SSD Review – ADATA SP610 512GB Versus Corsair Force LX 512GB
Anvil Storage Utilities
Anvil Storage Utilities 1.1.0 – Intel Z97 Platform
Along with the move to a new platform, we decided to make a change in one of the benchmarks. There’s a relatively new benchmark called Anvil Storage Utilities that is in beta but close to production. It’s a very powerful tool that measures performance through a variety of tests which can be customized. Since some of the tests more or less duplicate what we get from other benchmarks we use already, we decided to use the IOPS (Input/Output Operations Per Second) testing on 4kb file sizes at a queue depth of 4, 16, and 32. IOPS performance is something SSD makers tout quite a bit but we generally don’t do a lot of IOPS testing because frankly a lot of users can’t relate to IOPS metrics as well and it tends to be more meaningful to the enterprise/server crowd.
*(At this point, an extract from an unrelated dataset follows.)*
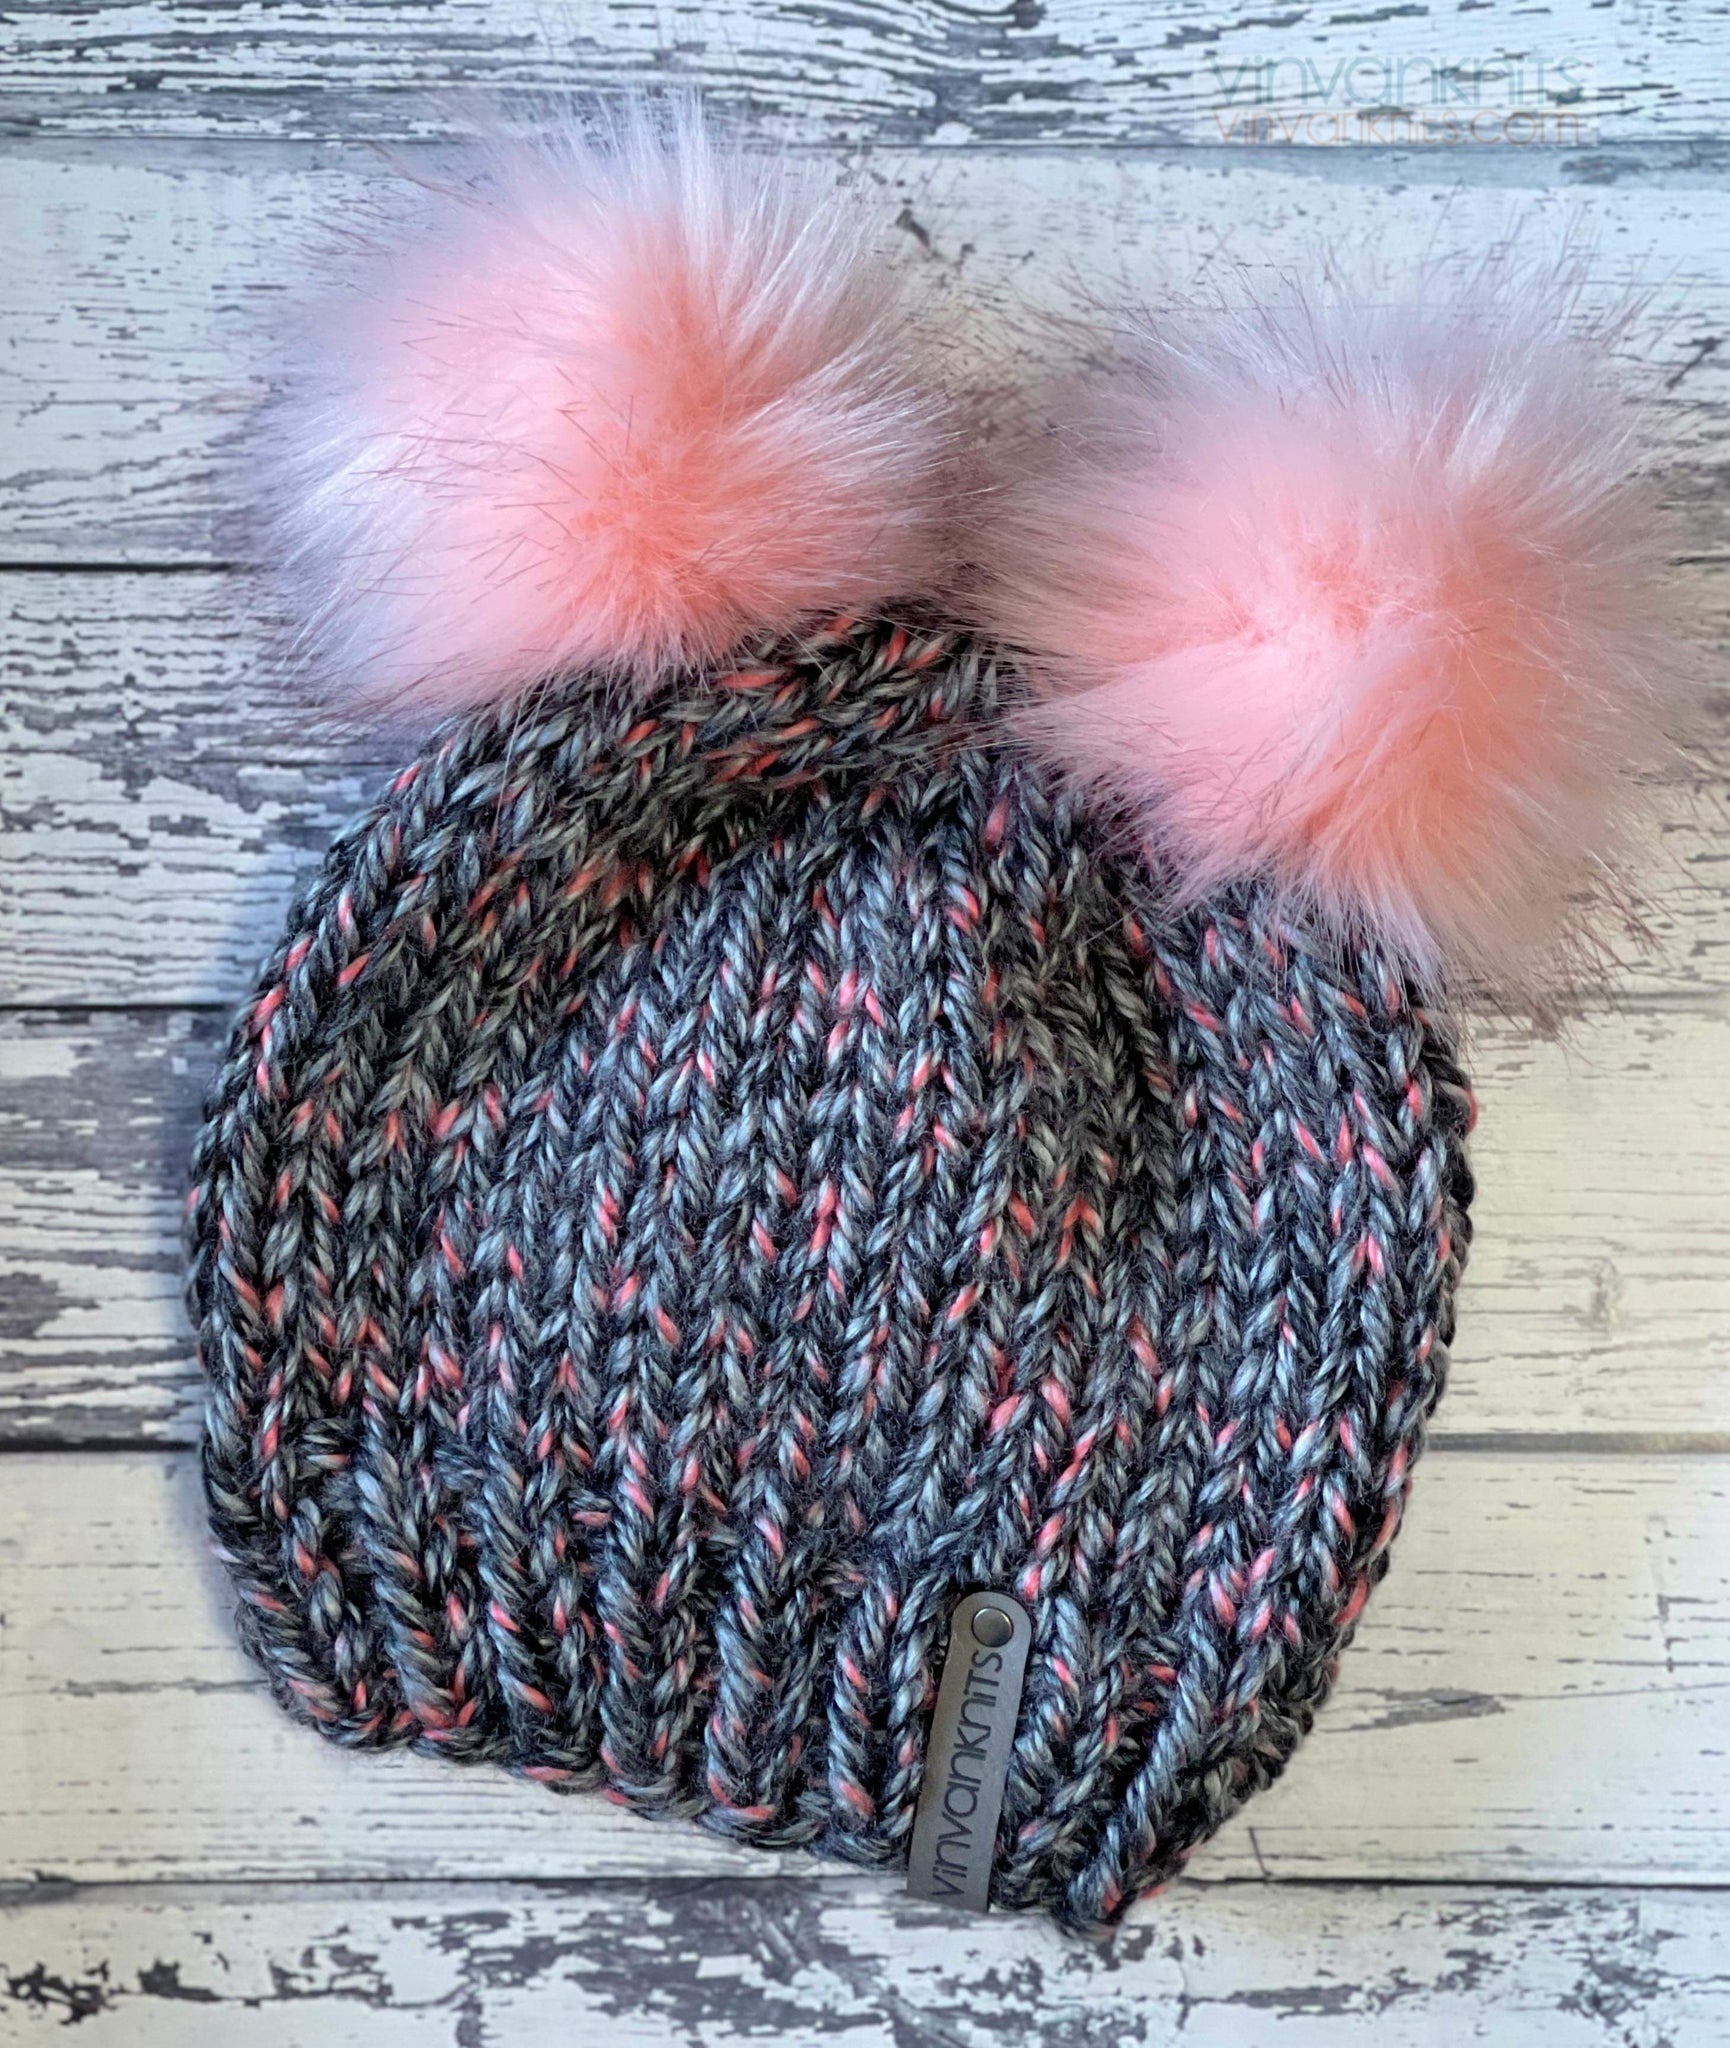 No Sew Leather Tags (Knitting or Crochet) – Alight Custom

Still, it is another performance indicator with relevance and while some drives post good MB/s numbers, their IOPS scores aren’t always commensurate which this test will prove out.
Anvil SSD Benchmark:
Benchmark Results: The overall Anvil SSD Benchmark score was just over 4,200 with 46% compression (incompressible data). 4K QD16 IOPS performance was right around 66,000 read and 69,000 write. These performance numbers are just shy of the drives official rating, but close enough not to cause any alarms. These are very respectable scores for a budget minded SSD.